Kas was, beyond a shadow of a doubt, the best pupil she’d ever instructed. He leaned toward her again, hungry for more information. “Nesheli kibdi, the joyful herb?”
“Stronger.” She chuckled into her wine. “A combination of mushrooms and a guided lesson.”
“You delinquent!” His enthusiasm reverberated through her, somersaulting her stomach.
With a grin, she said, “You know as well as I that academics will do damn near anything in the pursuit of greater understanding.”
He returned her smile, and a wayward strand of his magic brushed against her cheek, at least she thought it was from him. She wasn’t using her sight at the moment.
“What is it that your father always said? You’ll learn more at the helm than reading books about boats?”

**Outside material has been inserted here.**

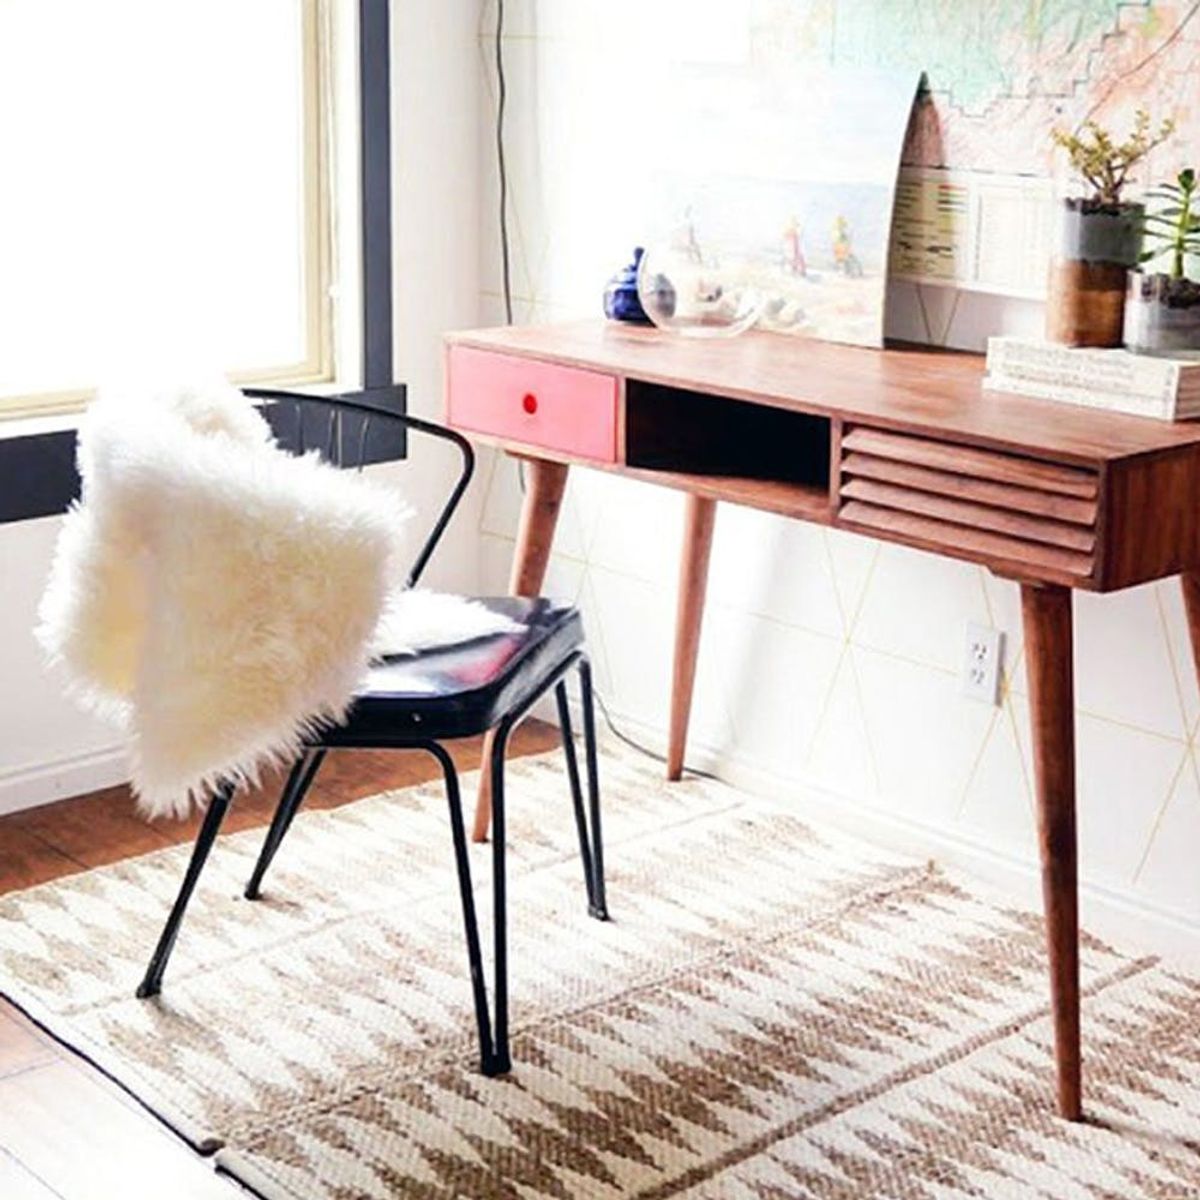 14 Affordable Mid-Century Decor Ideas for Your Home

Nes startled. “That’s it, but you never said you knew him.”
“I haven’t? You’re certain I’ve never mentioned it? I’m almost positive I have.”
“I’m positive you have not.”
He fidgeted with his whiskey. “We were friends. I met him here, at the symposium. I was fourteen, and Hevva chaperoned me after much cajoling on my part. It was the year she met Ehmet, actually. I spoke with your dad then. And we corresponded for years after that, well into my time at the Institute. I regret that we lost touch a few years back, and—”
“And?” Nes’s tone was sharper than she intended. It was quite a surprise, after all, to learn Kas had been in regular contact with Papa. More pertinent, she hadn’t realized her father corresponded with anyone from the aristocracy, not with how vehemently he’d railed against the upper class.
Kas cleared his throat, and continued, “And I regret that I didn’t meet you earlier. I had no idea you were his daughter, not until that dinner at the palace, when Ehmet said.”
“Oh,” slipped out as she felt heat rushing her face. She began to trace the rim of her wine glass, round and round her finger went as her thoughts whirled in parallel.
Papa was friends with Kas? Did that change anything? Nes wasn’t positive, but felt as though it meant she could permit herself to relax and enjoy having her own friendship with him, guilt-free. That had to be acceptable.
But she was also at the symposium . . . and there were next to no rules here. Kas’s confession replayed in her mind yet again, “You know I’m attracted to you, right?” A cloud of butterflies snapped into action in her belly, sending Nesrina further into anxious turmoil.
You cannot feel this way! her conscience shouted.
But you do, her consciousness replied.
She set down her glass with force, earning a raised brow from Kas.
With an exaggerated faux yawn that was more of a silent scream than anything else, Nes stood from her seat and stretched. “I’m exhausted.”
He nodded without tearing his gaze from her face.
Nes’s heart fluttered. One of the belly-butterflies must have made its escape. With that, she crossed to her wardrobe.
“I’ll join you shortly.” His voice tumbled over to her on a gust of wind that nearly buckled her knees.
An odd little choked sound came from the back of her throat, and she rushed into the washroom to change into her nightgown.
Nesrina floated on a bed of clouds, held aloft by the duke’s billowing magic as it swirled about her.
Where was he? It was Kas who trapped her so delicately in a hammock of air, she was positive. She couldn’t see him anywhere, but she recognized the feel of him.
Tendrils peeled away from the mass of power, roving over her body, licking at her sensitive skin. A shiver of pleasure and need shot from the center of her chest downward, where it nestled at her core.
One bold breath of wind made its way to the apex of her thighs, parting her to push its way to her most sensitive spot where it began to whorl gently, pulsating against her.
The duke’s wisps of magic coaxed her higher and higher, closer and closer to the top of that cloud-covered precipice.
“Oh, Kas,” she whimpered, cresting over the peak, her body drifting, floating, and plummeting in pure bliss. She was left shuddering in the wake of his ministrations.